**Work order**
Each entry below must be written out exactly, with pictures left out.

══ Task material

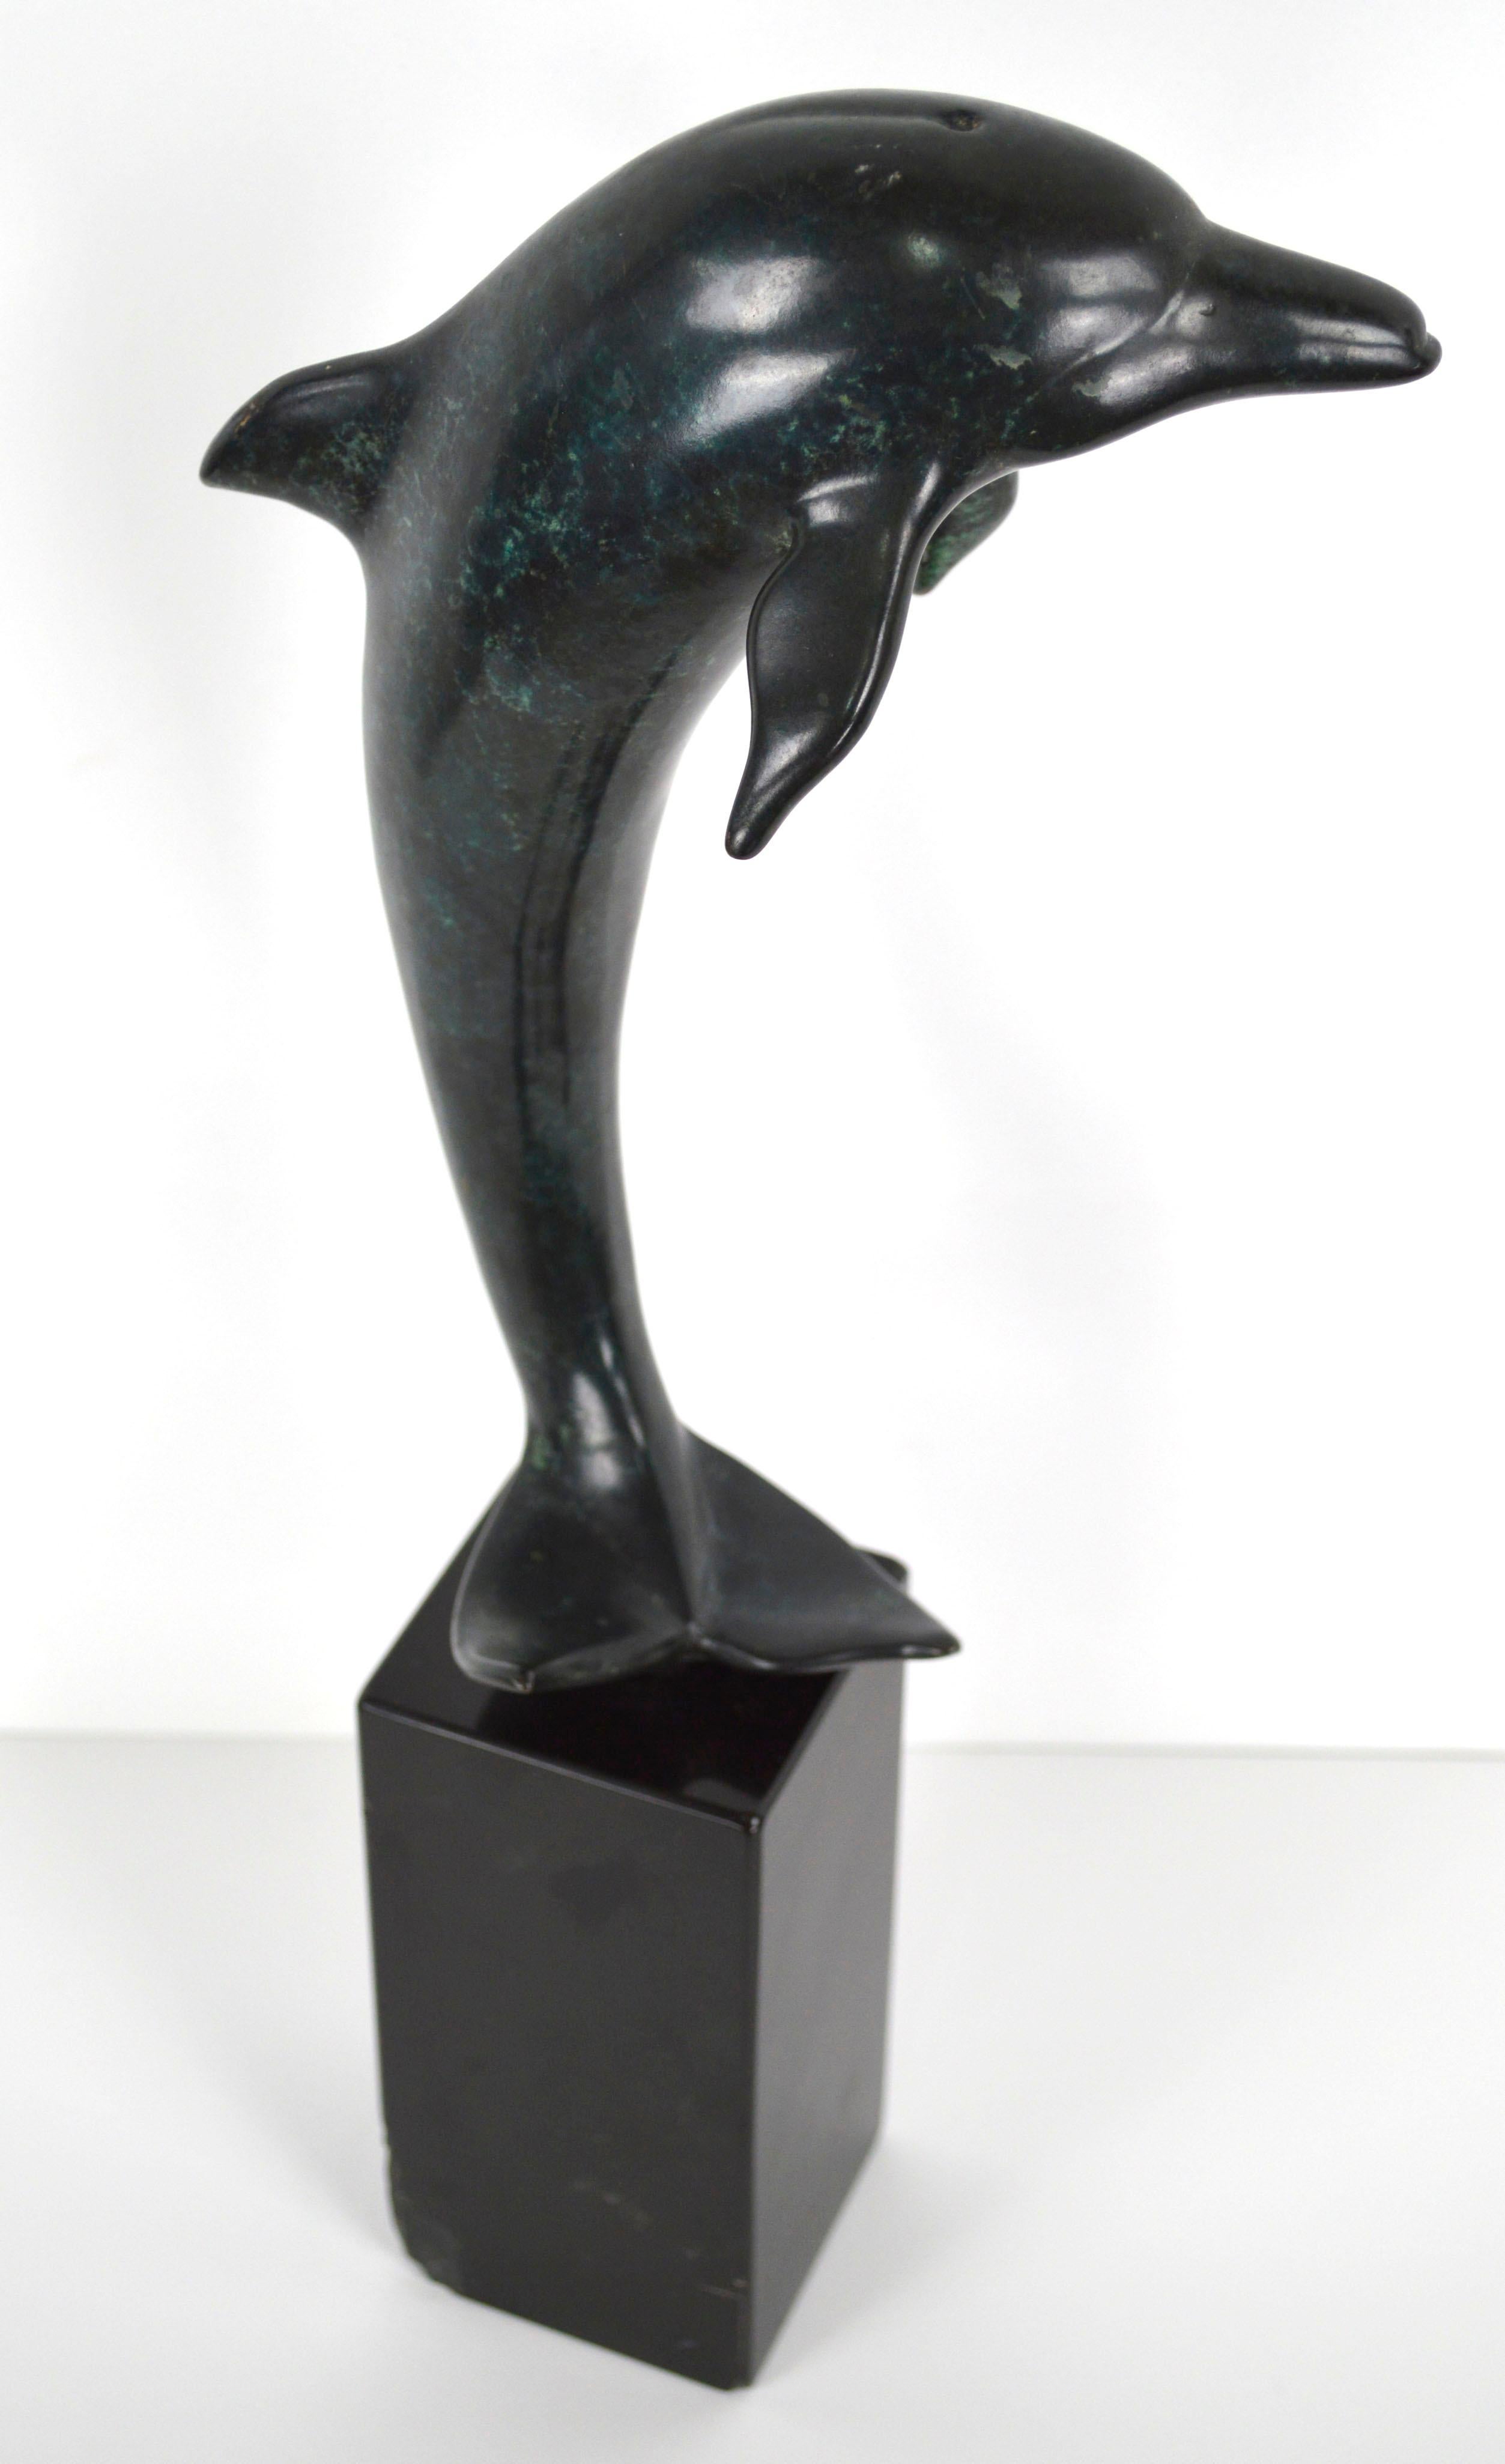 Zeitgenössische Delfin-Skulptur aus patinierter Bronze

Elegante Delphin-Skulptur aus patiniertem Bronzeguss auf Granitsockel des bekannten Bildhauers John Jagger (Amerikaner, gest. 2013). Der Künstler hat auf der Unterseite der Heckflosse die
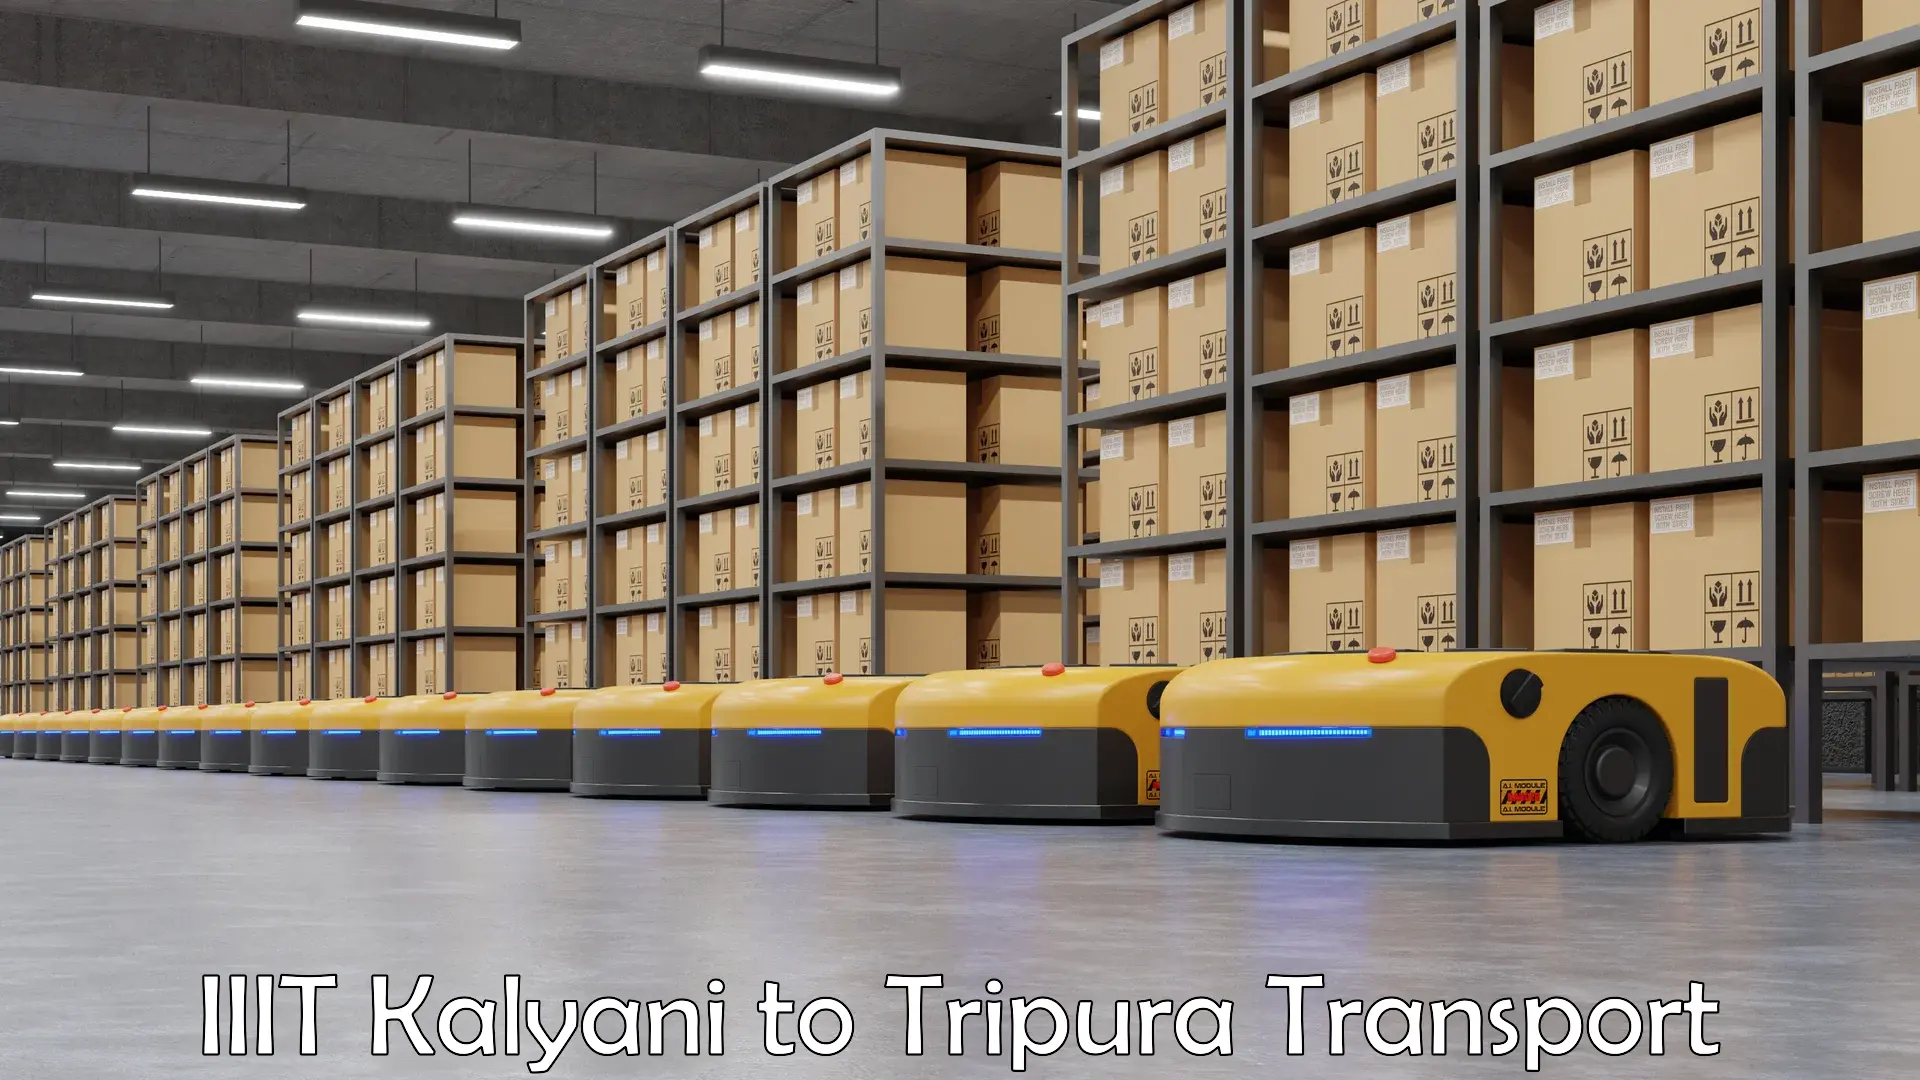 India truck logistics services IIIT Kalyani to Amarpur
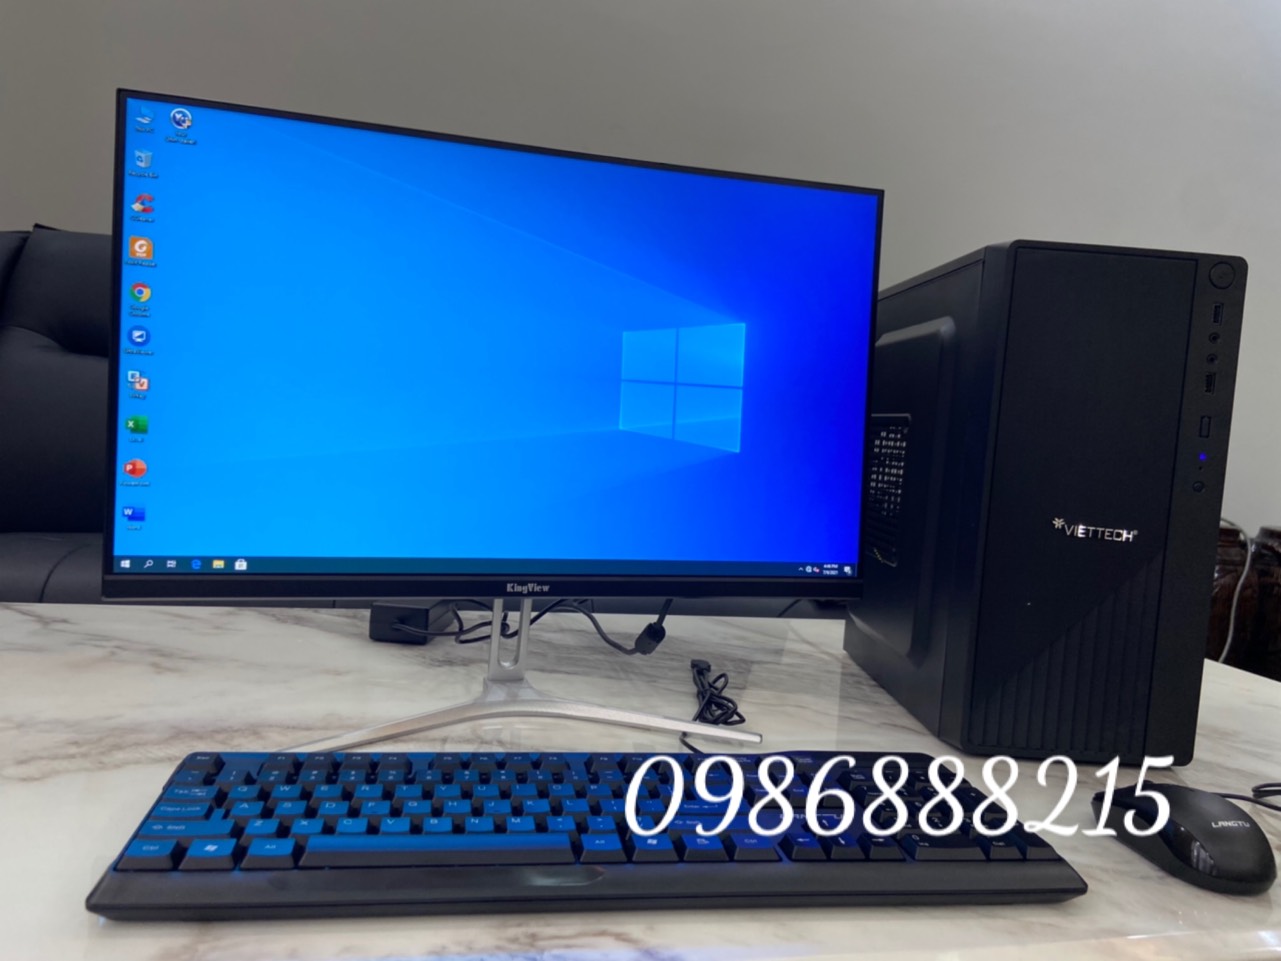 Bộ máy tính để bàn Dell Optiplex Core i5 3470, Ram 8gb, SSD 120GB Và Màn hình máy tính Dell 21.5 inch - Hàng Nhập Khẩu
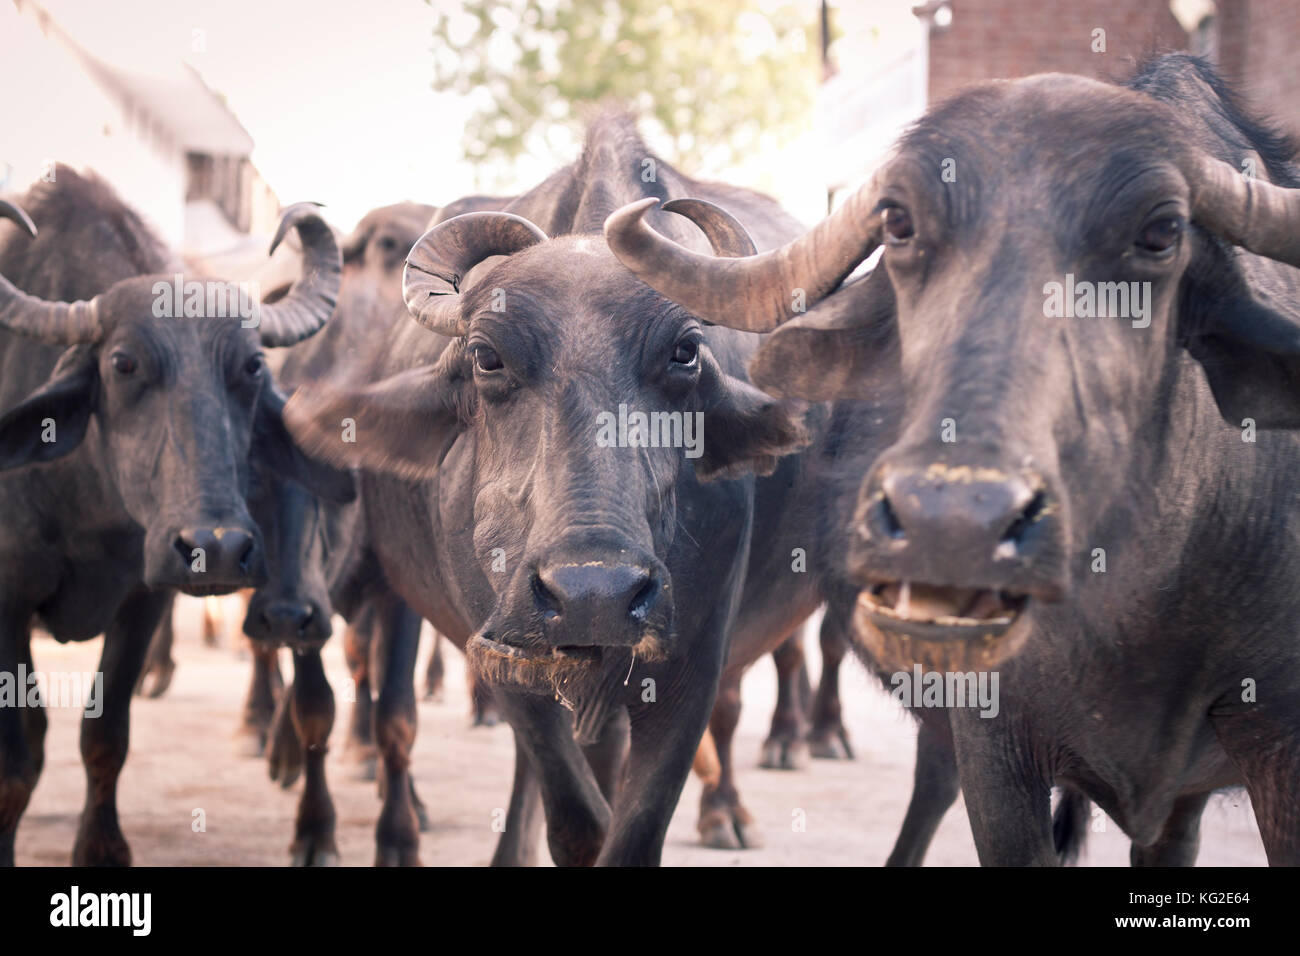 Les vaches indiennes en noir à l'objectif de l'appareil photo Banque D'Images

════

**Completed exercise**
 Zeitgenössische Delfin-Skulptur aus patinierter Bronze

Elegante Delphin-Skulptur aus patiniertem Bronzeguss auf Granitsockel des bekannten Bildhauers John Jagger (Amerikaner, gest. 2013). Der Künstler hat auf der Unterseite der Heckflosse die
 India truck logistics services IIIT Kalyani to Amarpur
 Bộ máy tính để bàn Dell Optiplex Core i5 3470, Ram 8gb, SSD 120GB Và Màn hình máy tính Dell 21.5 inch - Hàng Nhập Khẩu
 Les vaches indiennes en noir à l'objectif de l'appareil photo Banque D'Images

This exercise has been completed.